* Work instruction *
In the data below, find the line containing "Kaisley：5D Fabric Artificial" and the line containing "Sparkling Ice Pink", then reproduce them and every line between, exactly. Omit pictures.

* Records for this task *
= Beginning of Section =

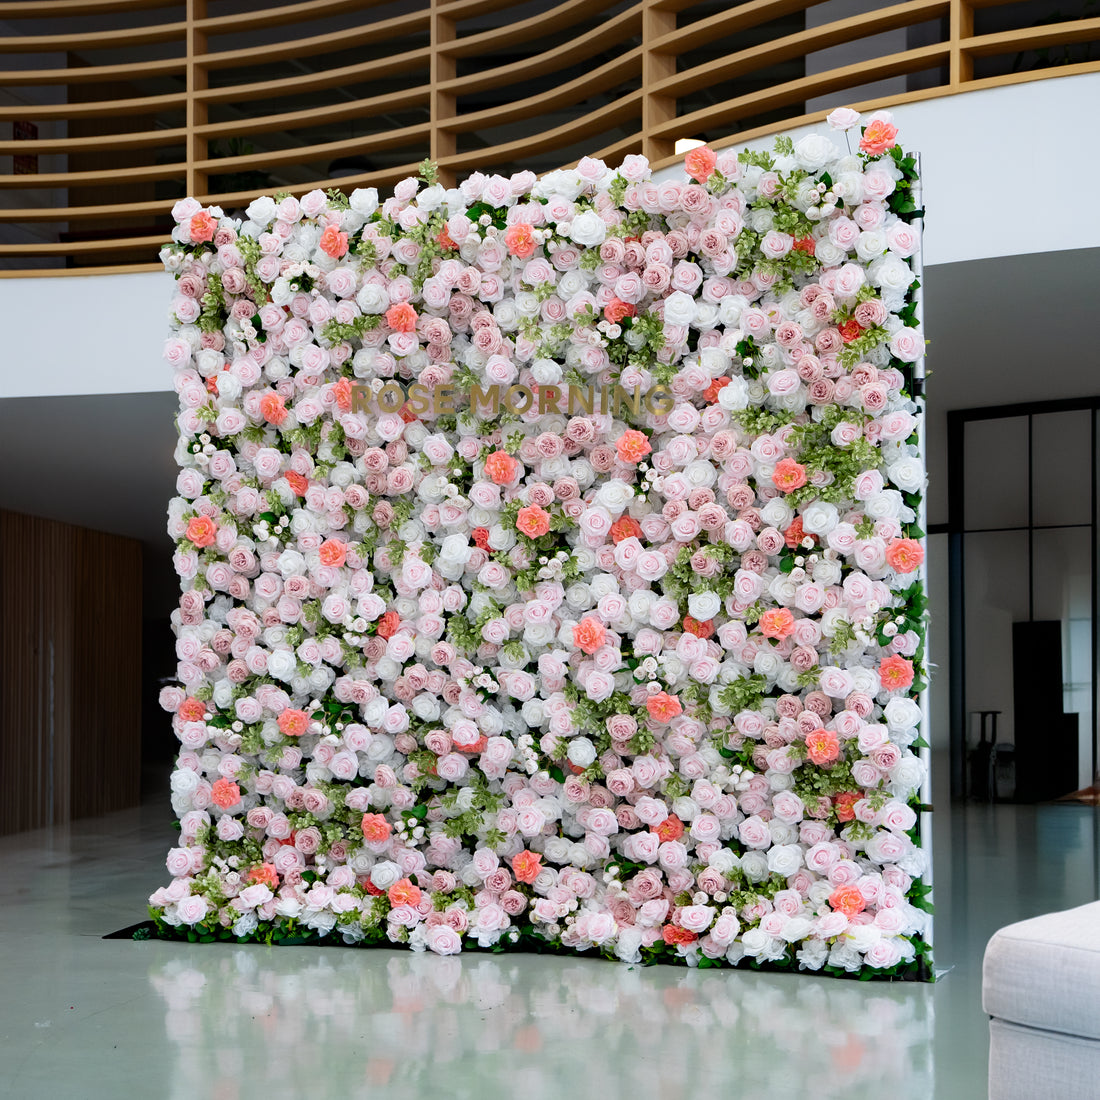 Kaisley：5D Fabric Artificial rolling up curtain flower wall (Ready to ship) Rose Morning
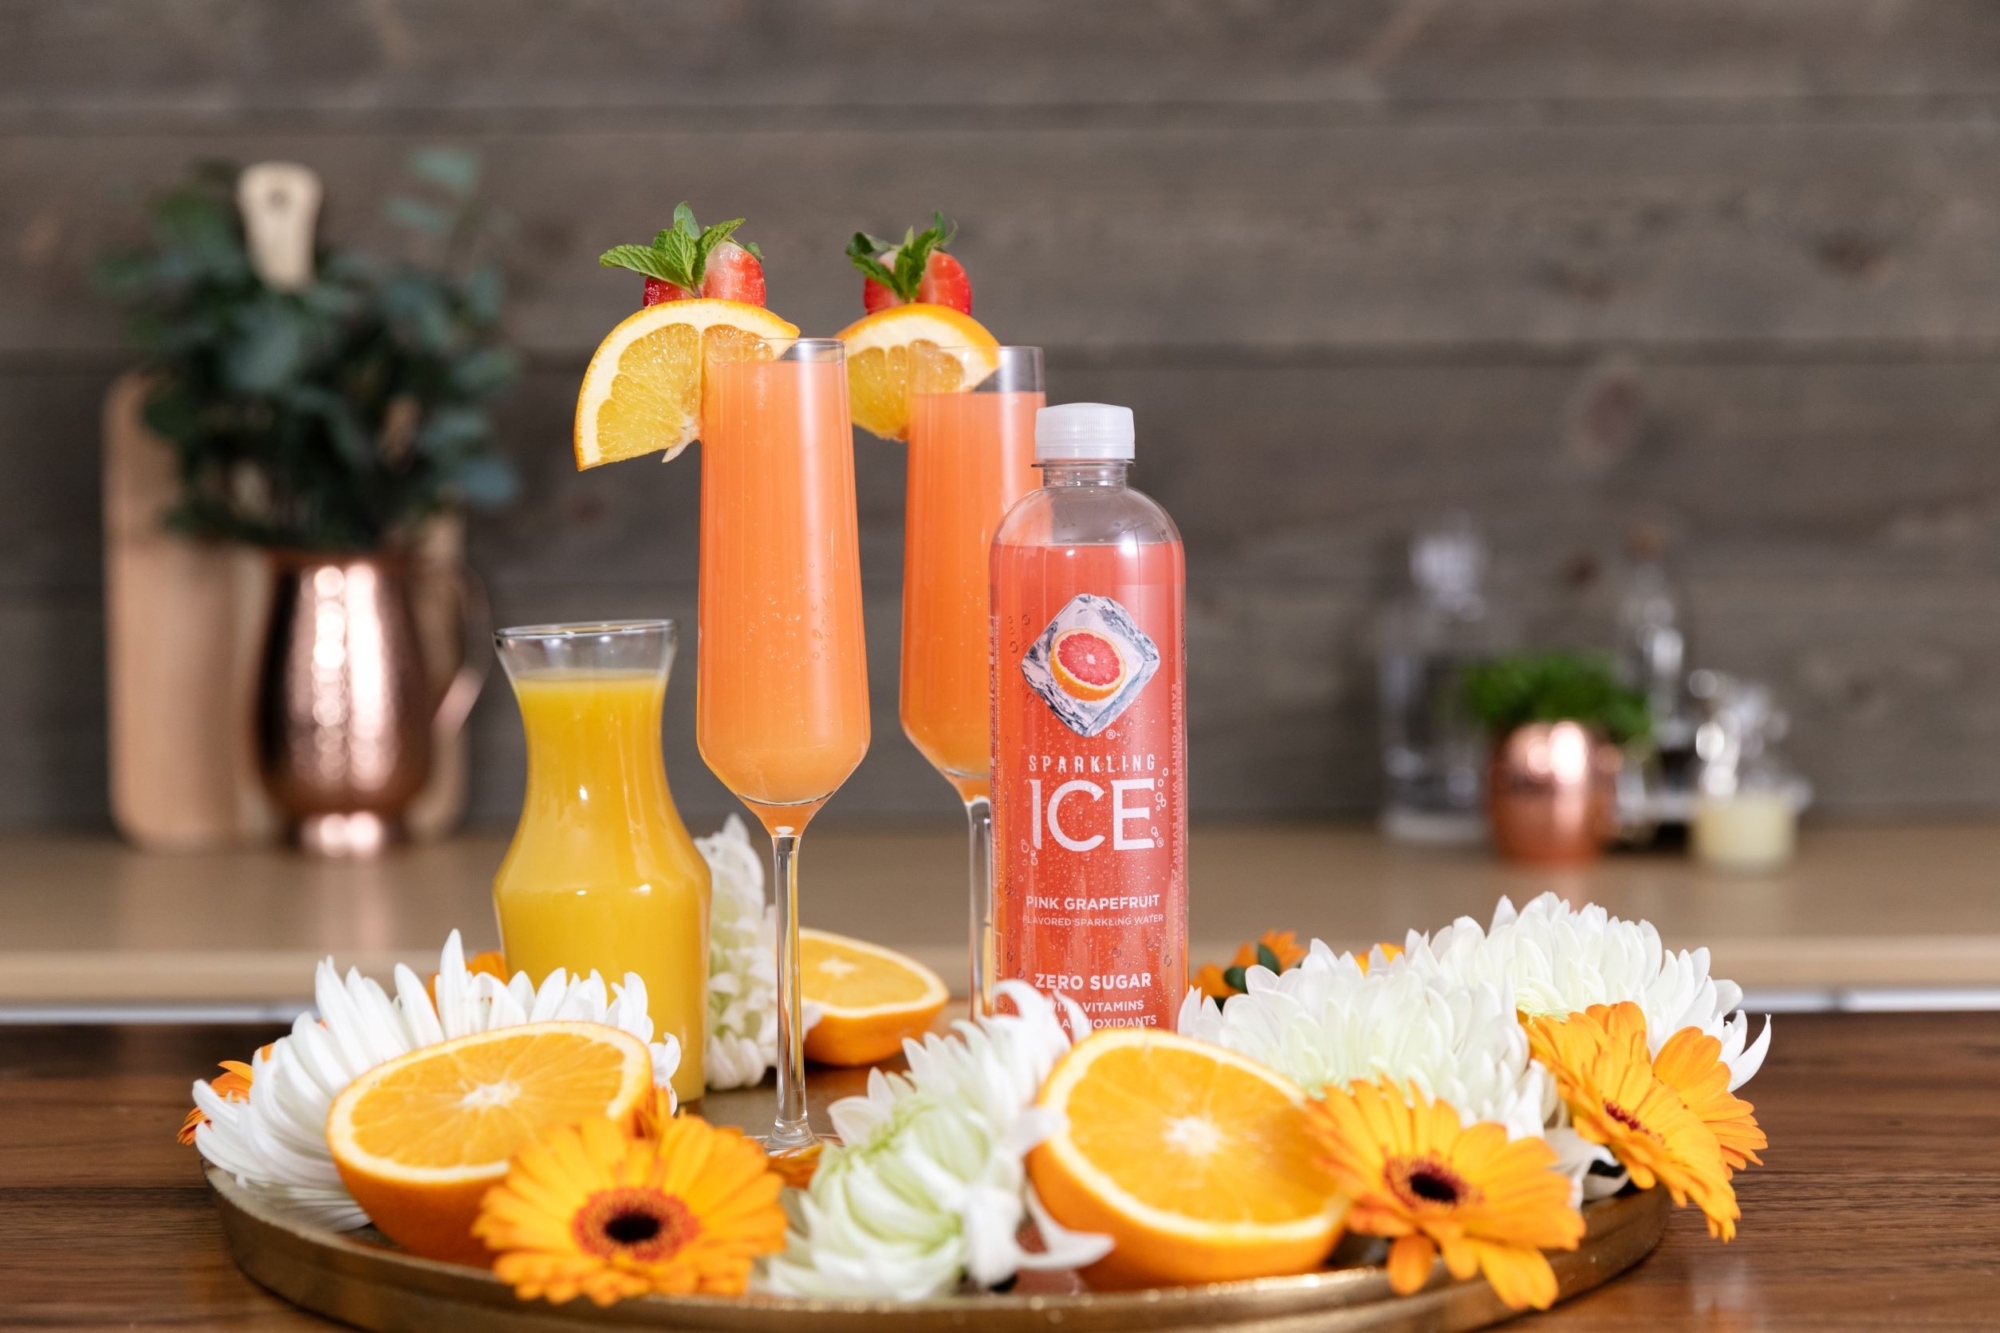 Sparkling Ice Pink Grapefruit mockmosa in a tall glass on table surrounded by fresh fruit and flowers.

= End of Section =
= Beginning of Section =

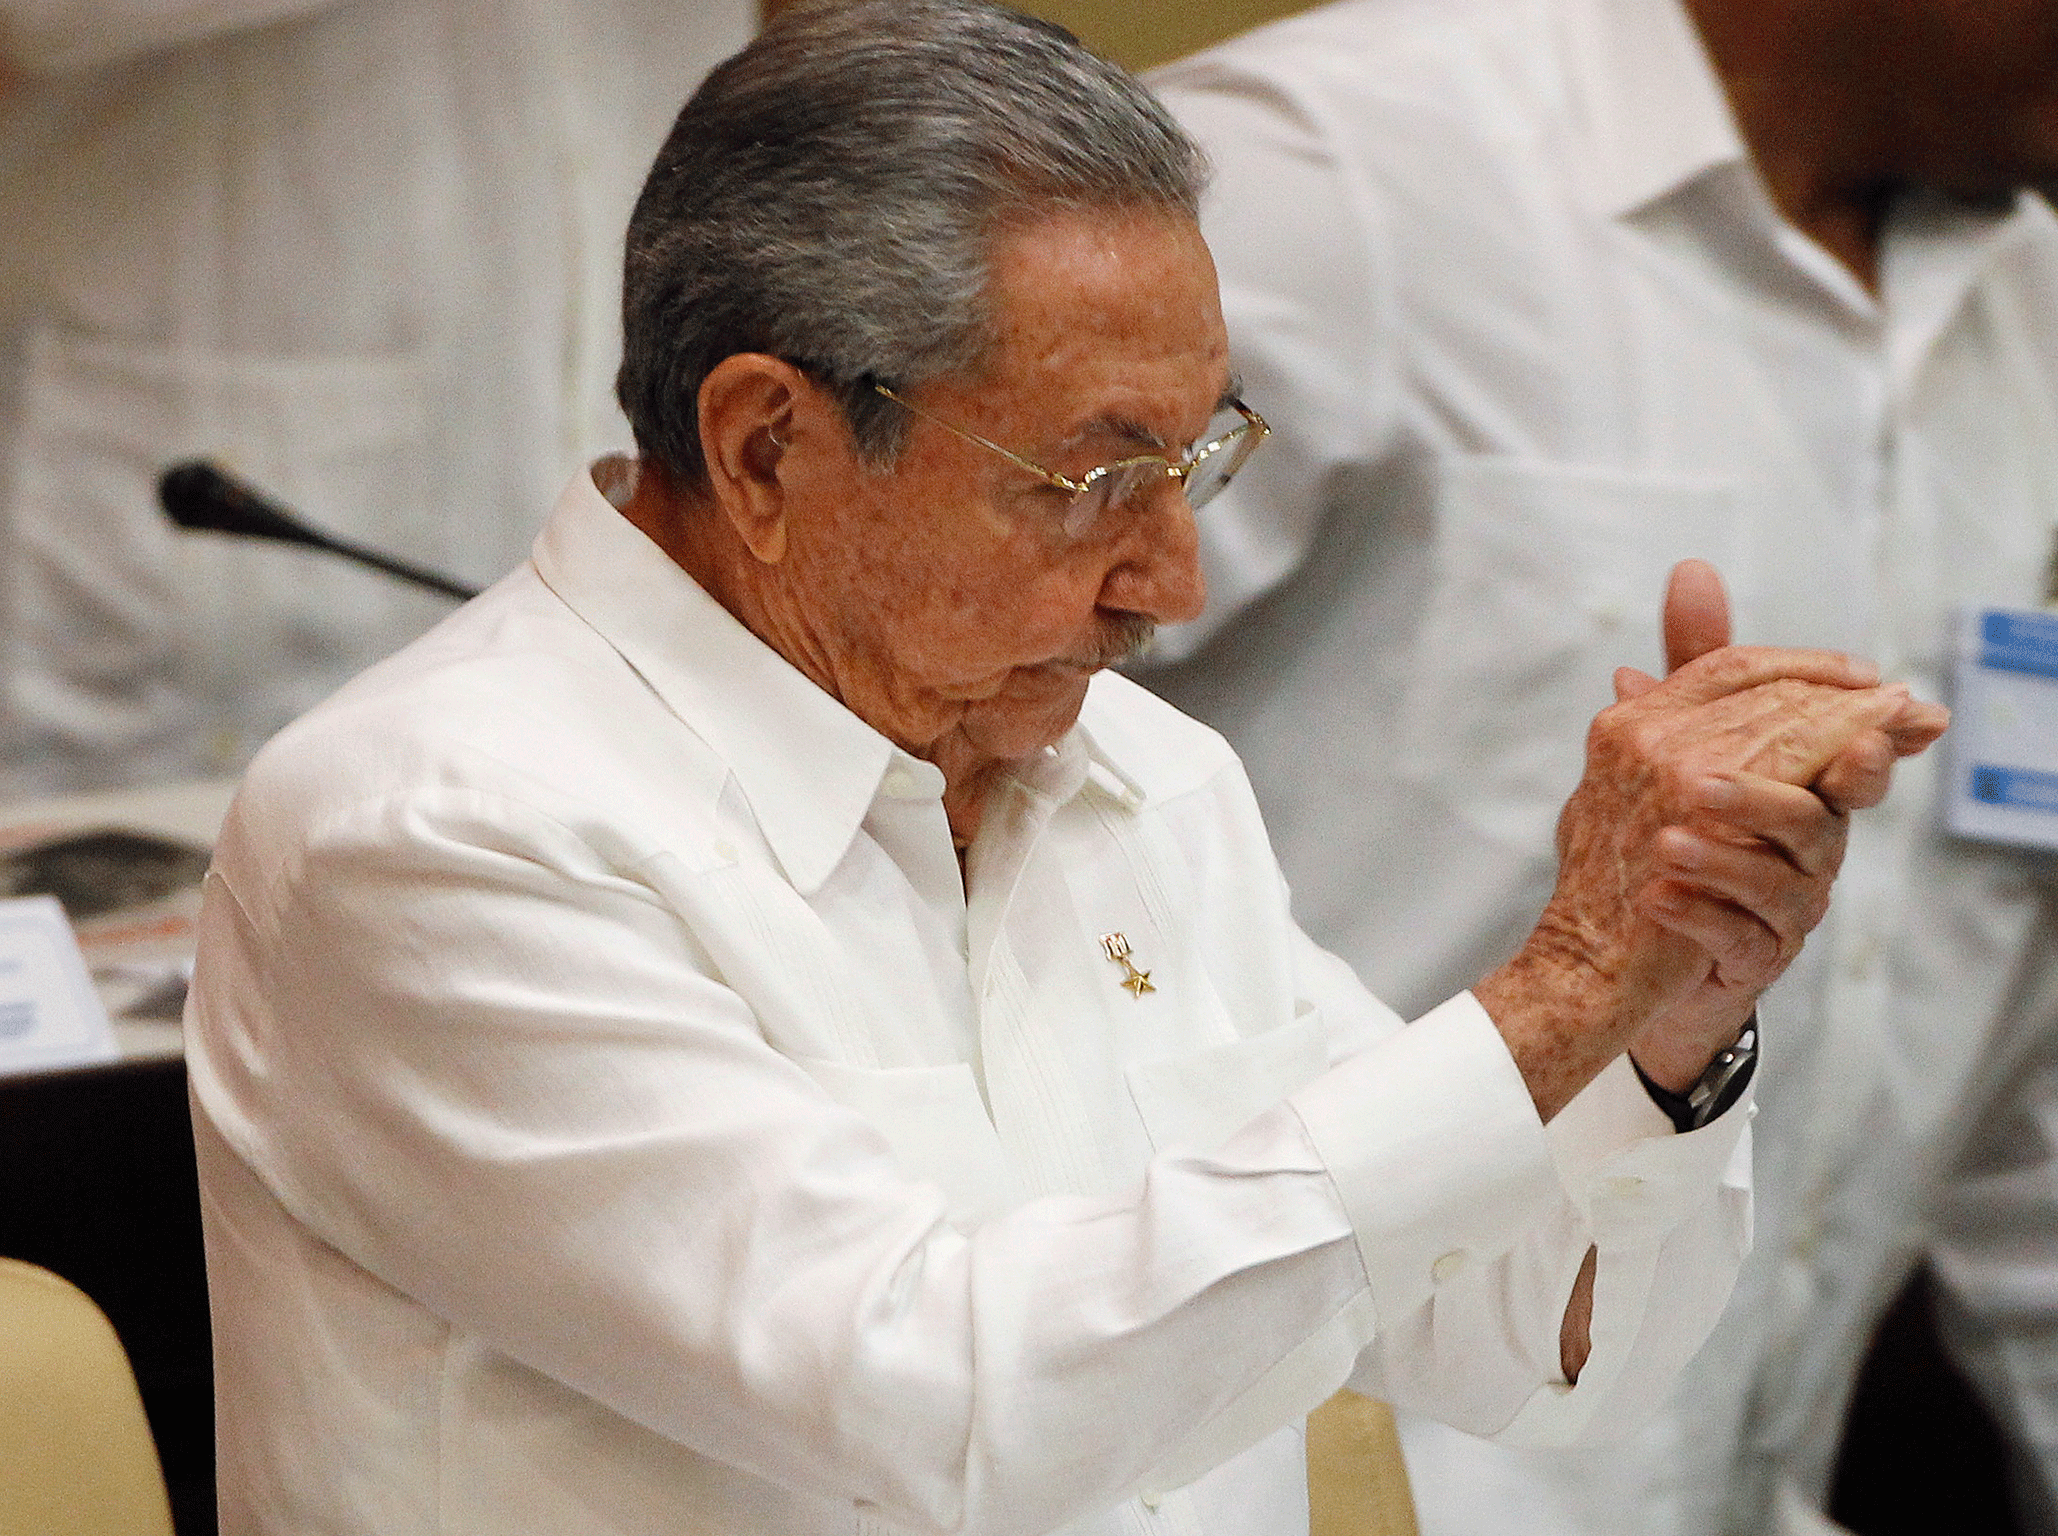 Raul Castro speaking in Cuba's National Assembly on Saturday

= End of Section =
= Beginning of Section =

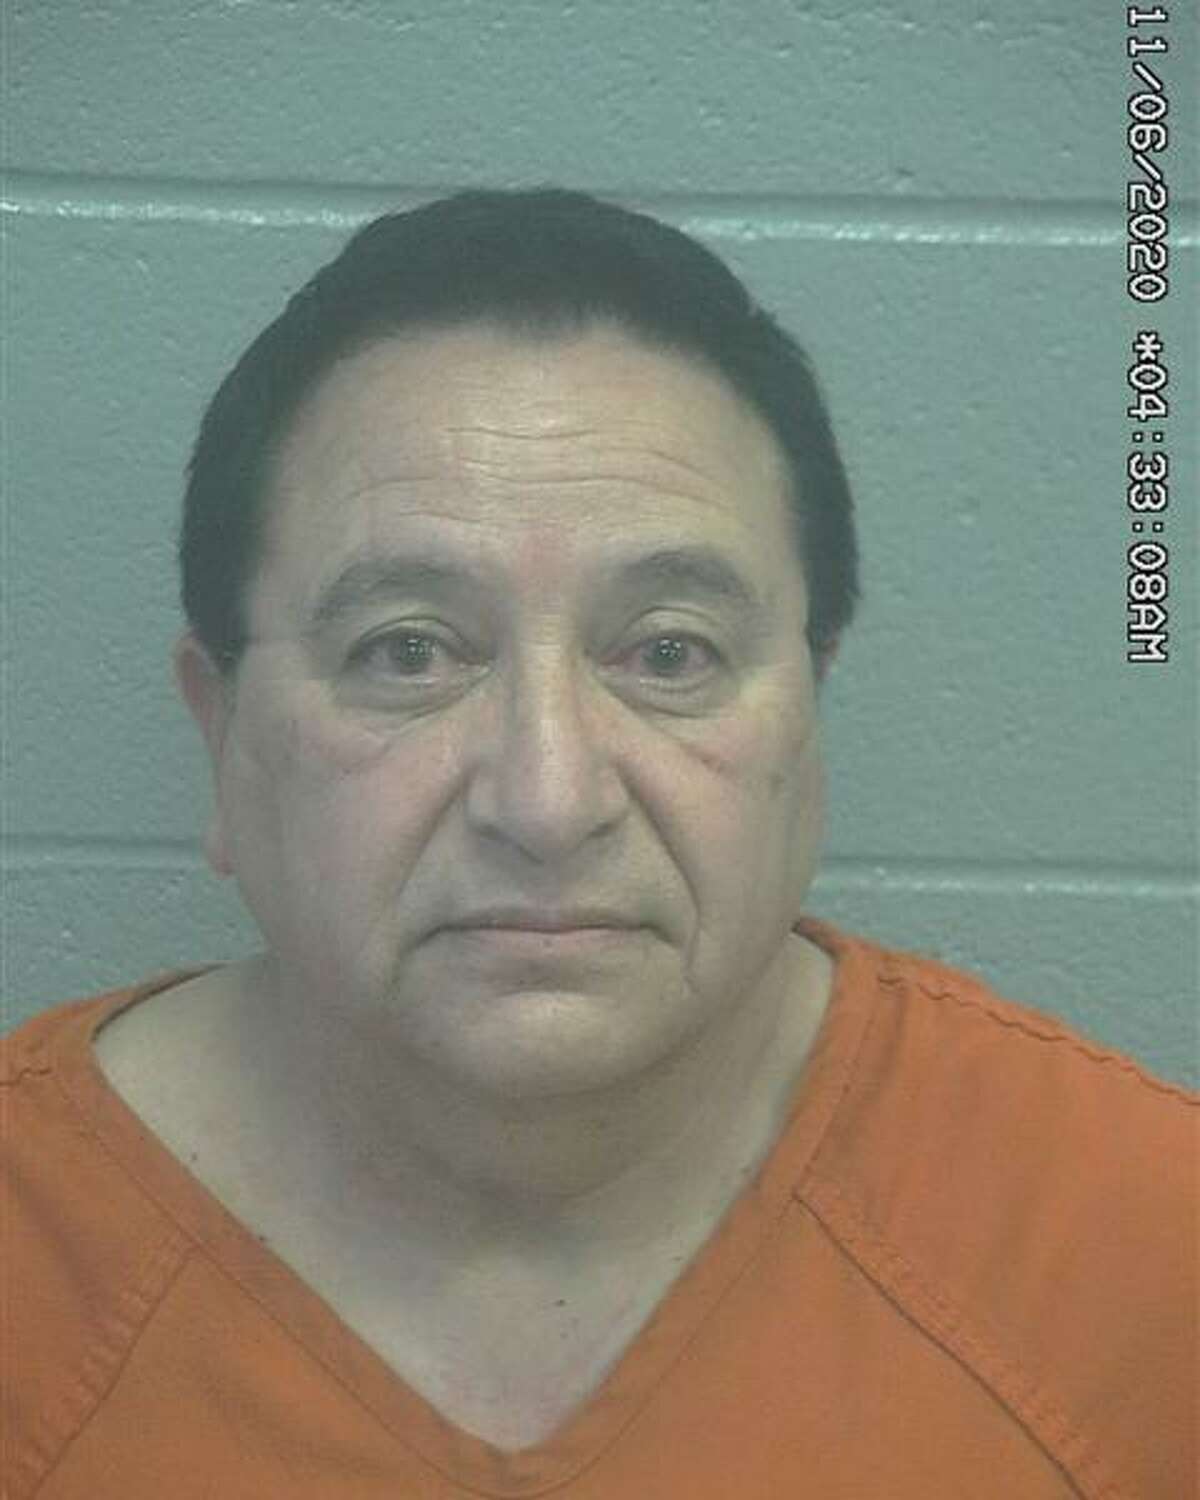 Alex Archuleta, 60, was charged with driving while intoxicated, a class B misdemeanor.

= End of Section =

* Solution *
 Kaisley：5D Fabric Artificial rolling up curtain flower wall (Ready to ship) Rose Morning
 Sparkling Ice Pink Grapefruit mockmosa in a tall glass on table surrounded by fresh fruit and flowers.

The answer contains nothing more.